A stable currency is a digital currency that’s not subjected to the same volatility and speculative nature that one often sees with more mainstream cryptos, such as bitcoin and Ethereum. What makes them stable is that they are often supported by various forms of collateral, whether they be gold (or other precious metals) or fiat currencies like USD, the yen, or the yuan. Thus, they tend to retain their dollar pegs and don’t go crashing into oblivion like so many other assets have done in the past. One unit of a stable currency is often worth $1.

There are many kinds of stable coins out there, and Tether is arguably one of the biggest and most well-known. The goal amongst company members is to “diversify” reserves backing the token. The currency has been on a serious bull run since the early portion of the year, accumulating a net profit of close to $1.5 billion last March. It is also said that Tether reserves are near $2.5 billion.

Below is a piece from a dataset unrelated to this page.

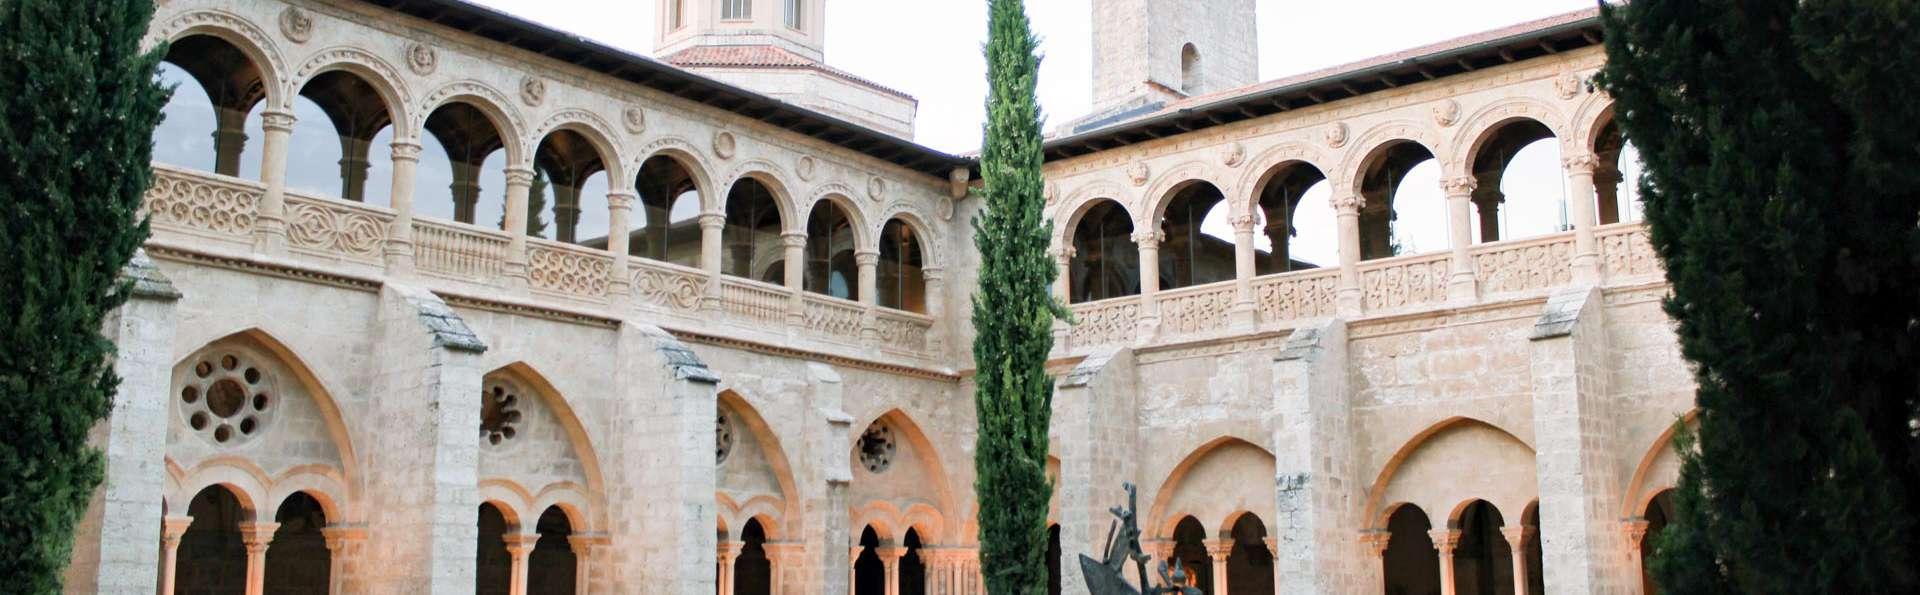 Castilla Termal Monasterio de Valbuena - EDIT_EXTERIOR_07.jpg

Tether CTO Paolo Ardoino explained in a statement:

The decision to invest in bitcoin, the world’s first and largest cryptocurrency, is underpinned by its strength and potential as an investment asset. Bitcoin has continually proven its resilience and has emerged as a long-term store of value with substantial growth potential. Its limited supply, decentralized nature, and widespread adoption have positioned bitcoin as a favored choice among institutional and retail investors alike.

This would all be fine and dandy except back in 2019, Texas professor John Griffin unveiled a report that explained the full bull run of 2017 and the subsequent bear run in 2018 that occurred for the crypto industry. The report alleges that many Tether holders used their units to purchase BTC, thus tying the stable currency to the asset and keeping it afloat. This is what ultimately helped BTC reach $20K (it’s then all-time high) in the year 2017, though it also contributed greatly to the crash that followed the next year.

Could This Be Problematic?

While the circumstances are somewhat different this time around, the situation is virtually the same in that Tether and bitcoin are being tied together. Last time, Tether was supporting bitcoin. This time, bitcoin is supporting Tether. Could the reversal of the roles inherently cause bitcoin to fall again like it did five years ago? It’s a scary thought for many.

Previously, Tether held many of its reserves in commercial paper, which wasn’t considered safe, though it wound down its holdings to zero last February.